## [EXERCISE DETAILS]
The reply to the records below should contain exactly the lines from the line with "Elliot W. Eisner: The" through the line with "- 1950 St. Louis", and nothing besides.

## [GIVEN RECORDS]
== Segment start ==

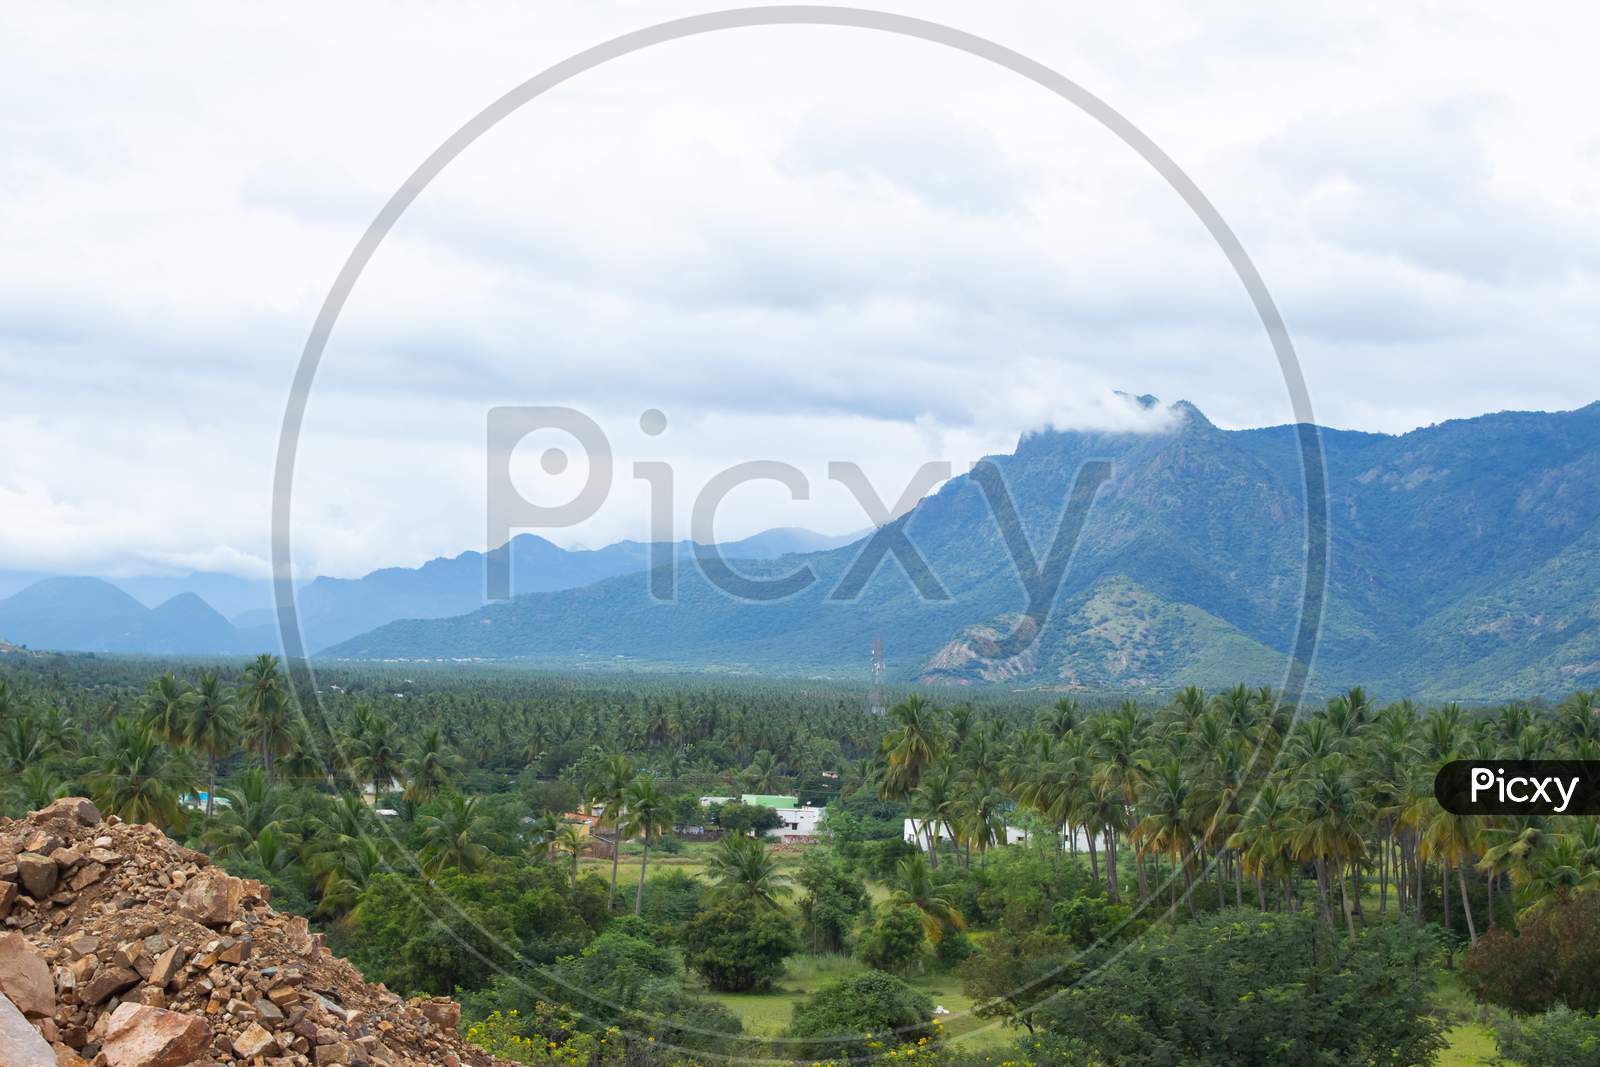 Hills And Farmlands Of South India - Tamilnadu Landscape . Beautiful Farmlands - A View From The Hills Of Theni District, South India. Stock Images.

== Segment end ==
== Segment start ==

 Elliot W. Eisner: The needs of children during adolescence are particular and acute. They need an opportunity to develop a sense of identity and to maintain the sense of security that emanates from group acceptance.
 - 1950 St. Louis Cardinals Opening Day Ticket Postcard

== Segment end ==

## [ANSWER]
 Elliot W. Eisner: The needs of children during adolescence are particular and acute. They need an opportunity to develop a sense of identity and to maintain the sense of security that emanates from group acceptance.
 - 1950 St. Louis Cardinals Opening Day Ticket Postcard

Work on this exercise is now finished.